There is a world-wide demand from the security industry for a low-cost, reliable system which can be used to automatically identify people. Biometrics is seen as the way forward as it provides the ultimate level of security - the identification of people by their personal characteristics. There are several biometrics systems currently being developed which use fingerprints, voiceprints, facial characteristics, eye features or hand geometry. Yet none have so far been able to meet all the user requirements in terms of reliability, public acceptability and cost. Using fingerprints, for example, has criminal overtones and scanning the eye, although very accurate, is seen to be too intrusive.
The Vein Biometrics project is looking at a biometrics technology which has the potential to revolutionise the security industry. It is based on the recognition of people by the vein patterns in their hands.

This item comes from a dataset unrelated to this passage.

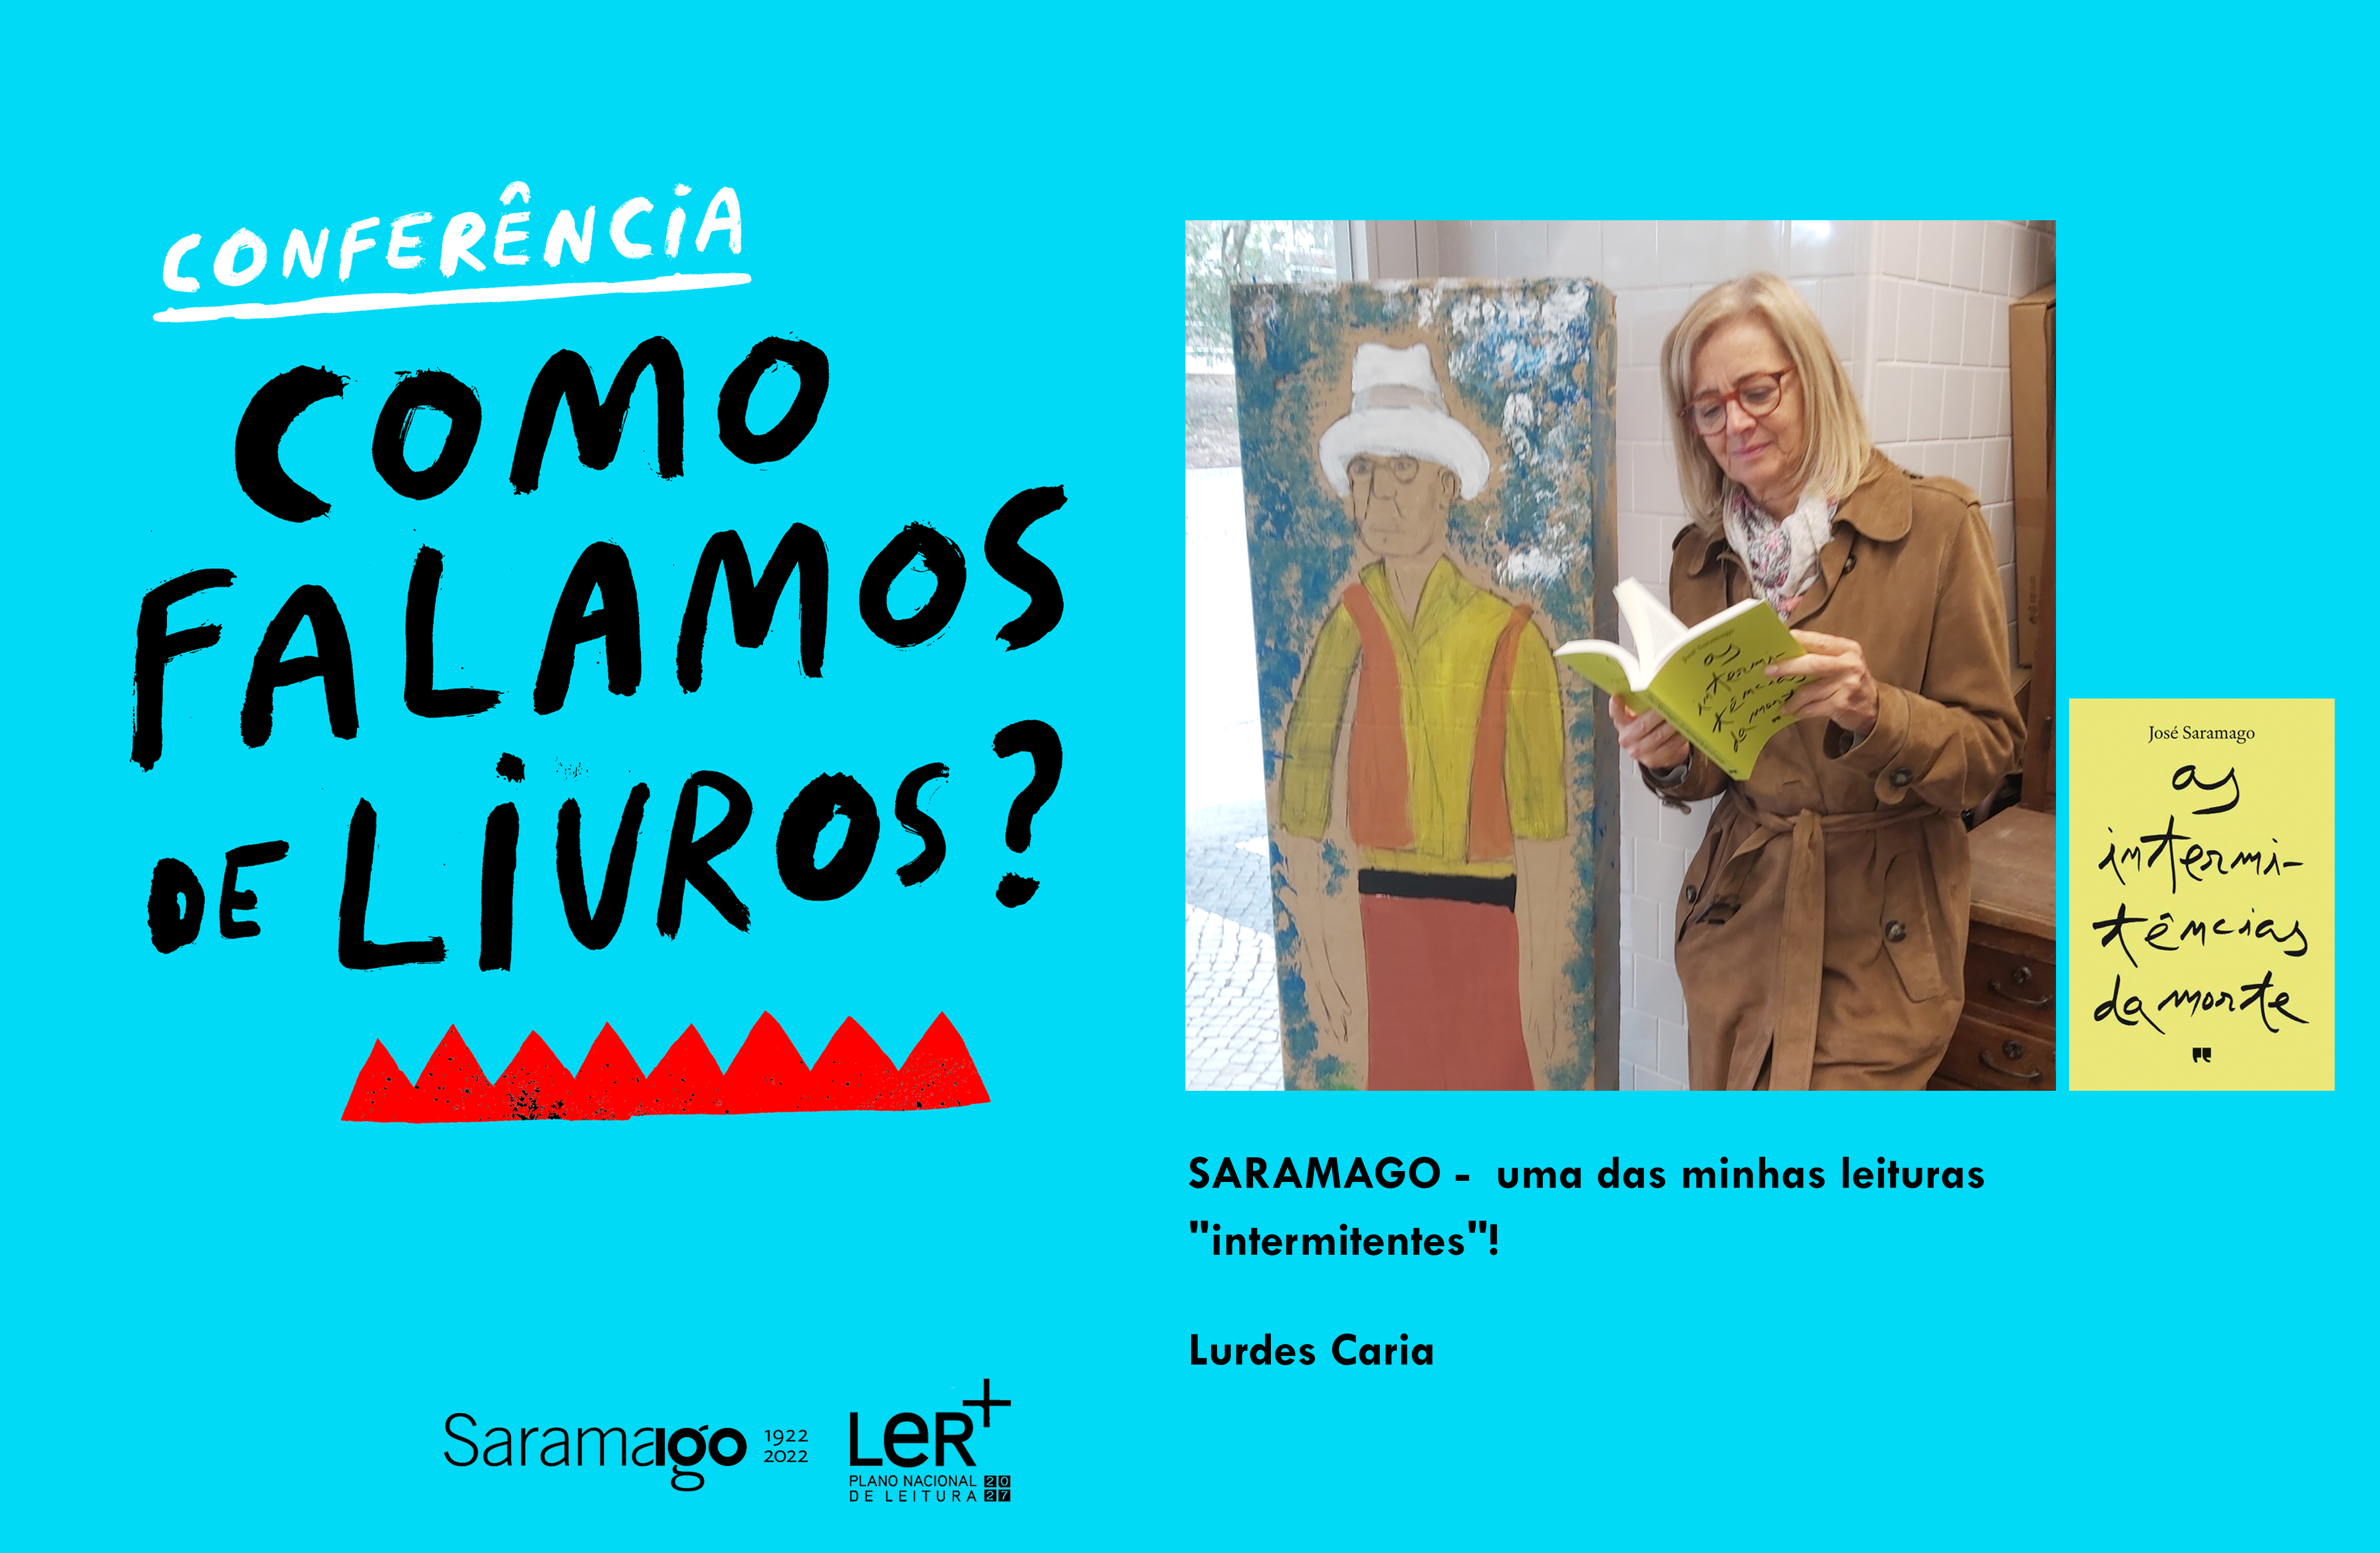 Ler_Saramago__Lurdes_Caria

Infra-red light is used to create an image of the veins which can then be converted into a vector pattern or a string of numbers and stored on a computer or plastic card. This technology is much simpler and cheaper than other systems because the image capture is easier and the image processing avoids the need for complex pattern recognition. Another advantage is that vein patterns are unique, stable and virtually impossible to copy or damage. Checking veins also has no negative social connotations which would hinder its public acceptability.

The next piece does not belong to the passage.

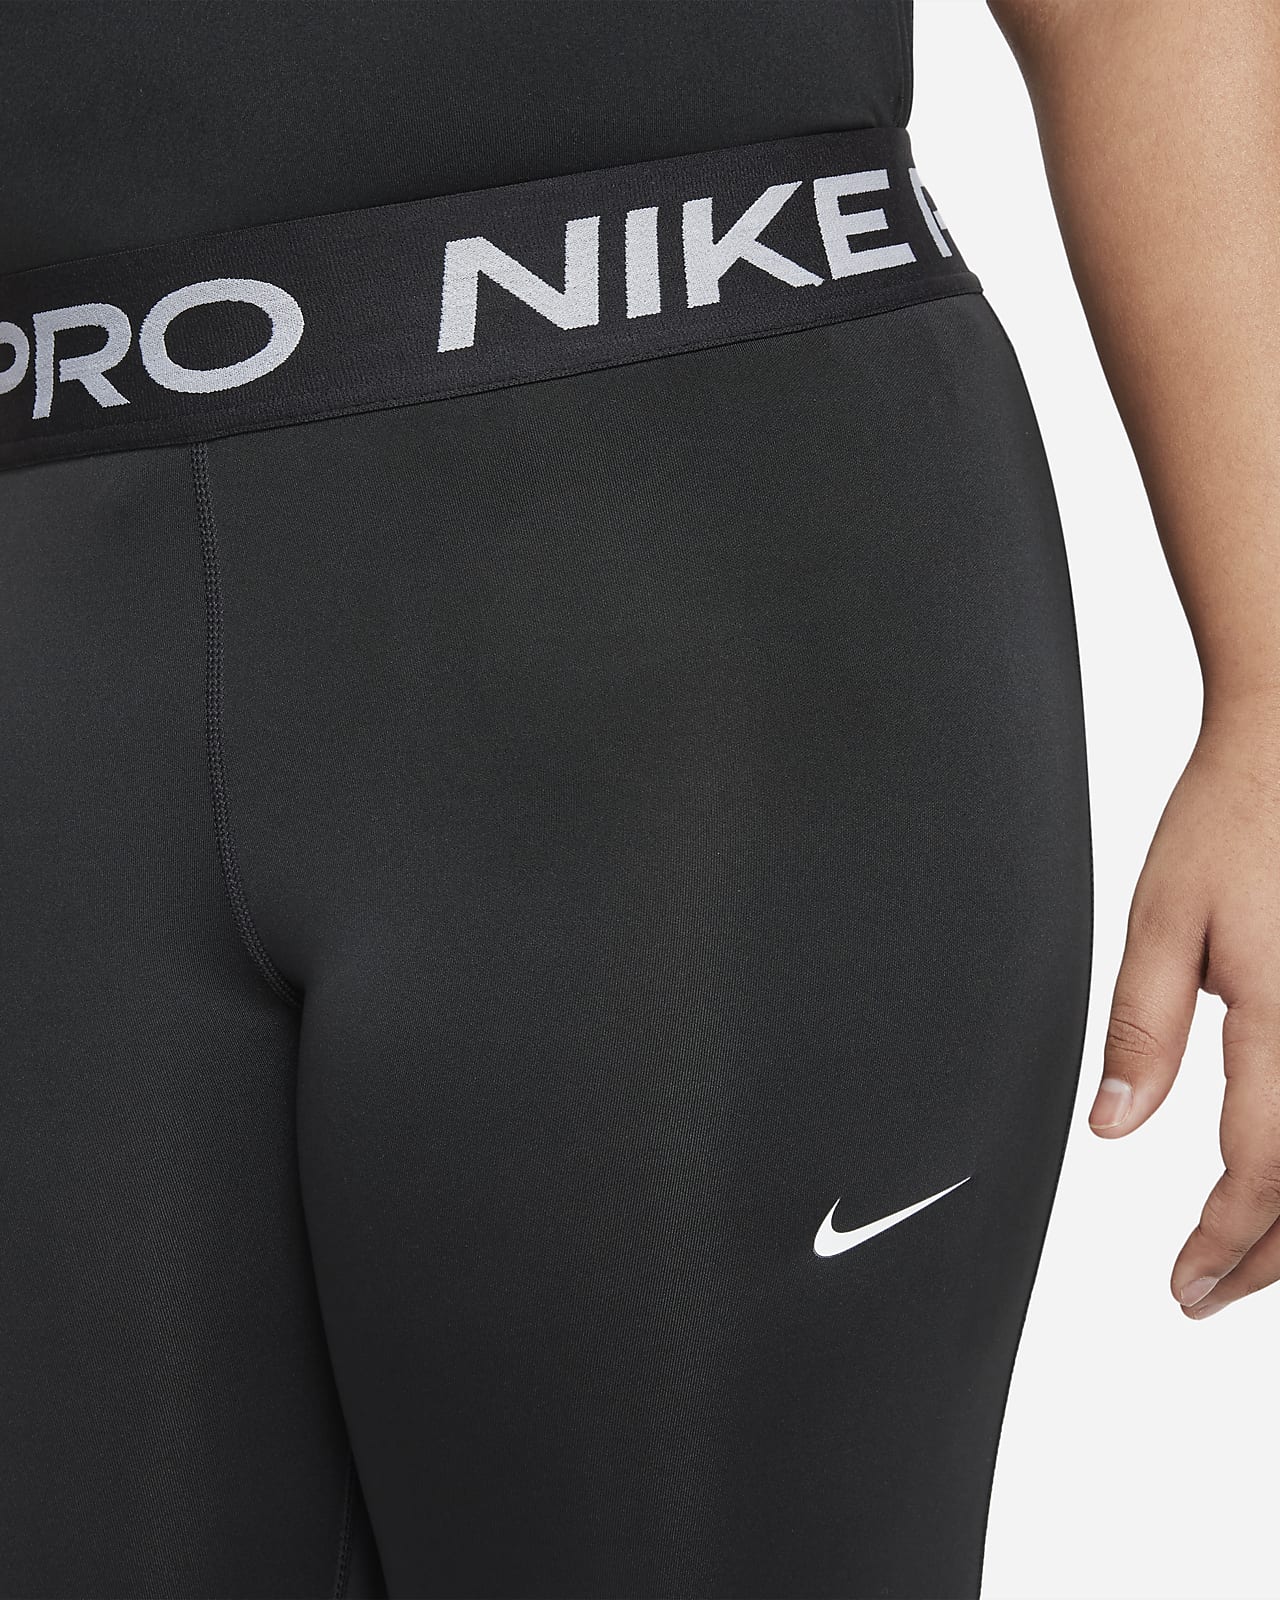 Nike Pro Women's Black Training Capri Leggings (Size M)

The aim of the project is to validate this technology and prove it in practical applications. The potential applications are many, as the security industry covers everything from access to buildings, time and attendance recording, to the payment of State benefits and the use of credit cards.
The project initially focused on developing and testing prototypes for access control applications such as entry into premises and the securing of information on computers. The results were then evaluated in relation to more complex areas of application like the financial transactions market, supported by a comprehensive dissemination programme.

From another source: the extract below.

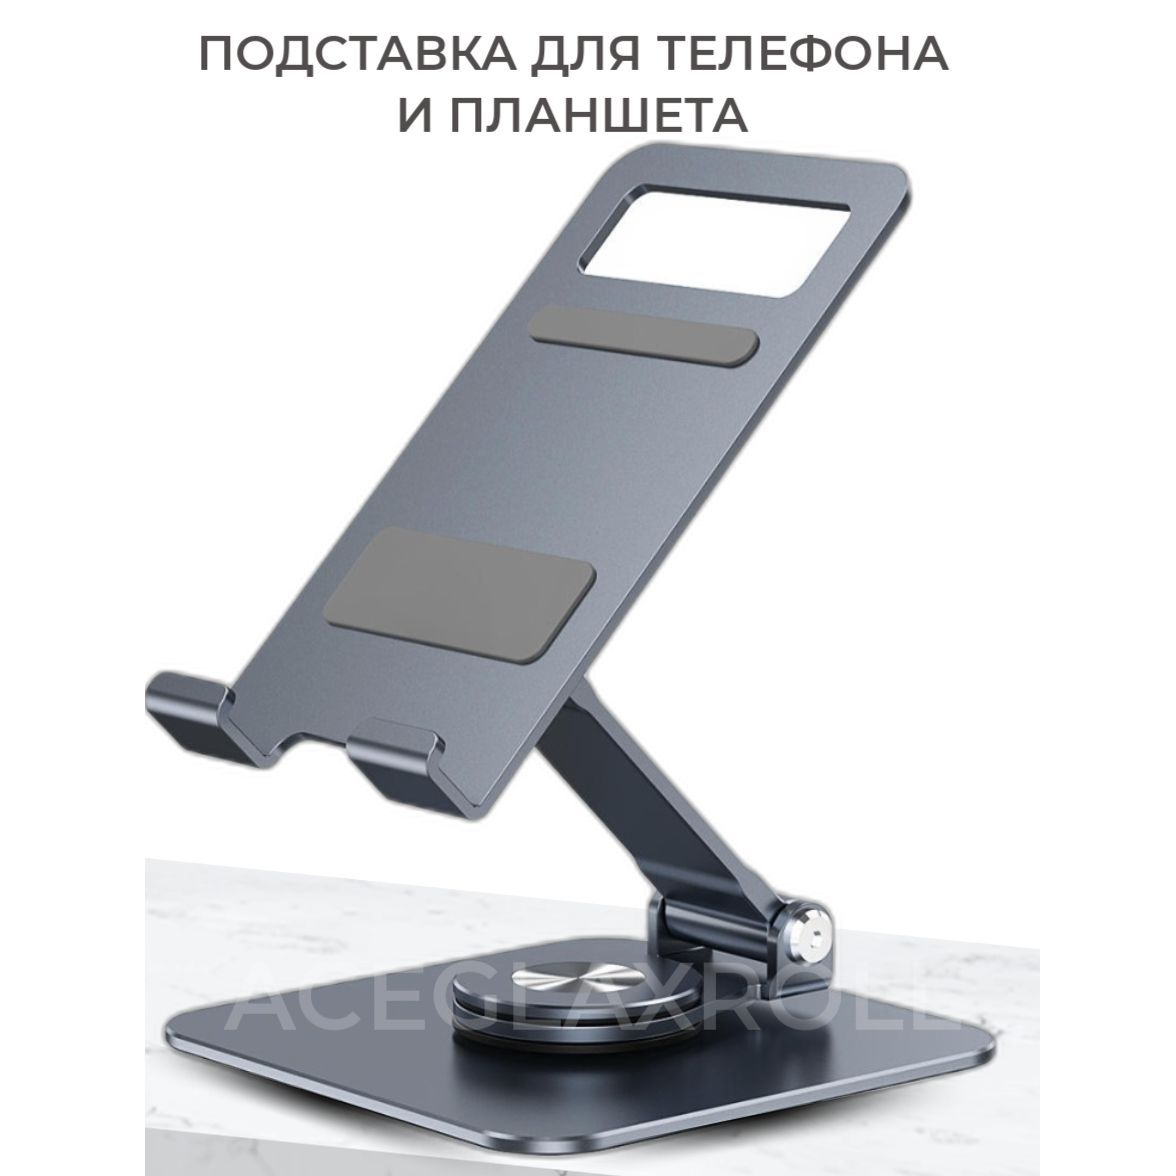 Как сделать Подставку для телефона/планшета из бумаги. Оригами. Origami Phone stand/holder.

In developing the prototypes user requirements was assessed in relation to the following aspects: ease of use, the potential for circumvention, work and environmental factors, public acceptability and cost. These determined design issues covering such areas as ergonomics and speed of processing. The project also addressed the verification performance of the vein check system as its reliability in terms of correctly identifying people is fundamental to all potential users.
The ultimate goal is to encourage potential users to be confident enough in this biometrics system to introduce it into major commercial applications. Public backing by a large industry sector such as banking would open up a whole range of market opportunities across many industries and could establish vein checking as the leading biometrics system. It is predicted that the European market for access control products alone will be worth $3.25 billion by 1997.